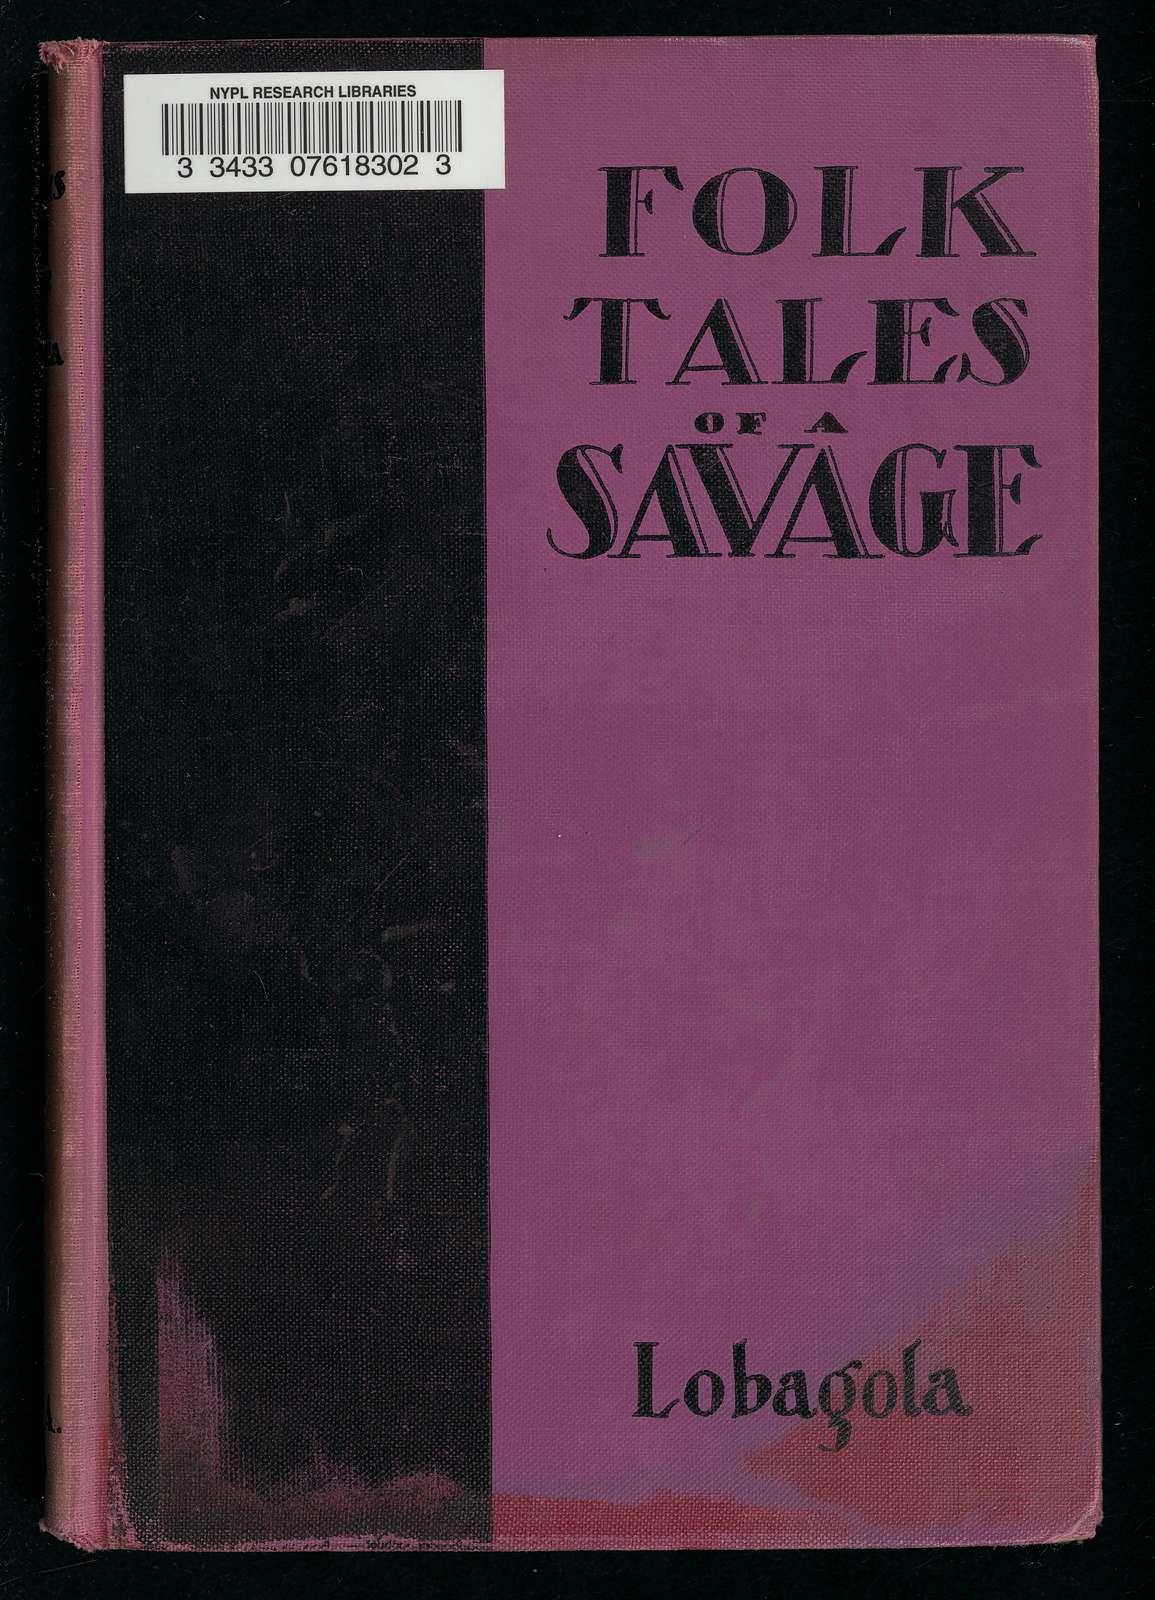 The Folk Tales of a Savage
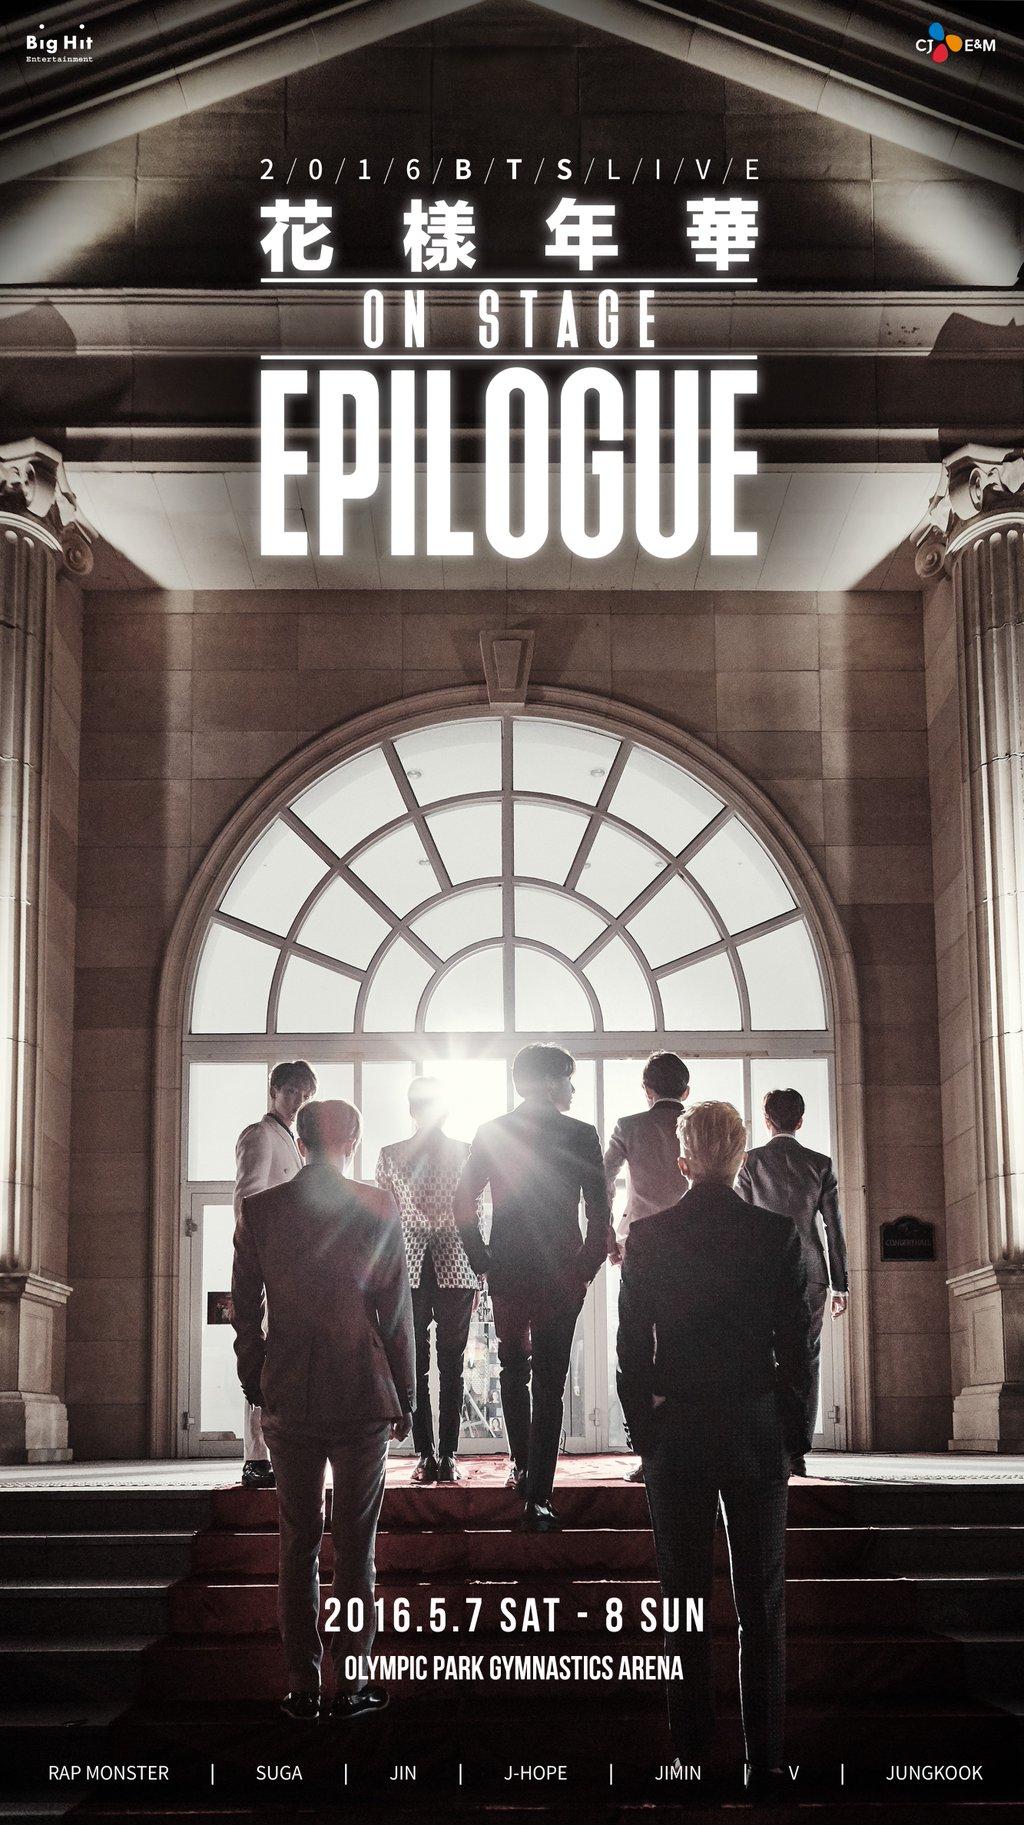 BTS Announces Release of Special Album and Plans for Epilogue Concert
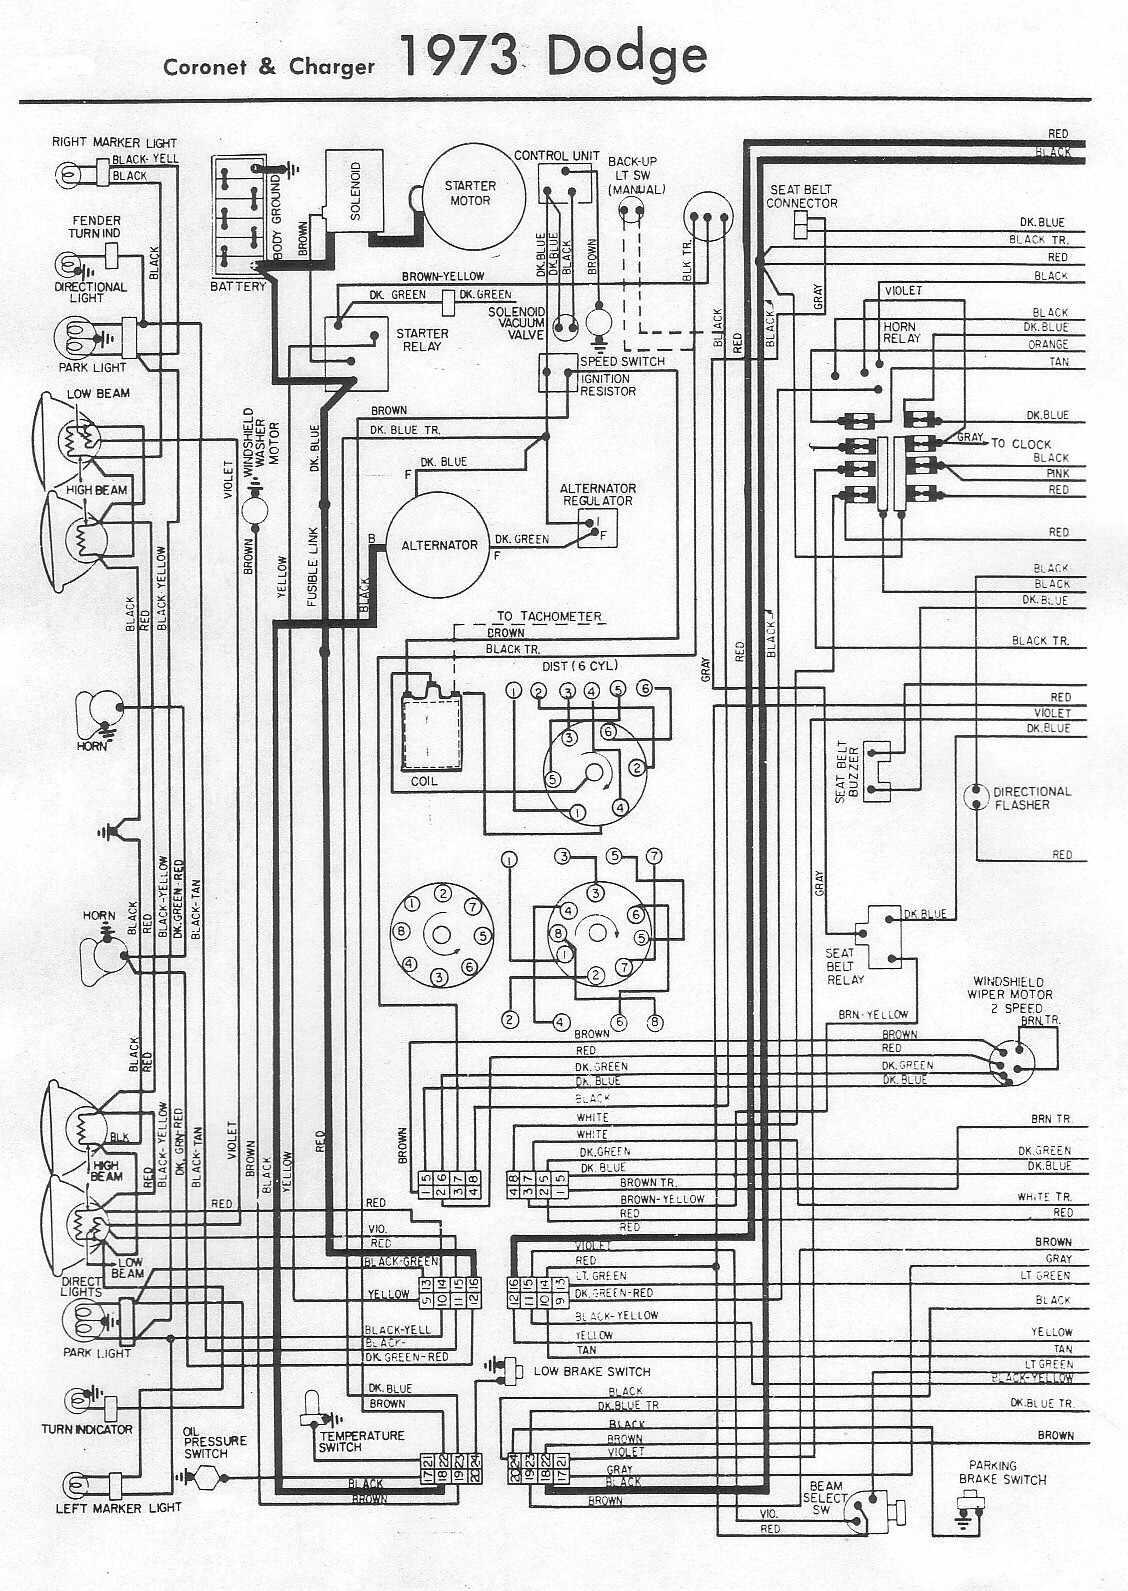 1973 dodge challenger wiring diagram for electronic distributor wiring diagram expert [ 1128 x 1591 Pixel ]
════════
### The task
Images are to be omitted; repeat the remaining data above exactly.

### Answer to the exercise
 The Folk Tales of a Savage
 BTS Announces Release of Special Album and Plans for Epilogue Concert
 1973 dodge challenger wiring diagram for electronic distributor wiring diagram expert [ 1128 x 1591 Pixel ]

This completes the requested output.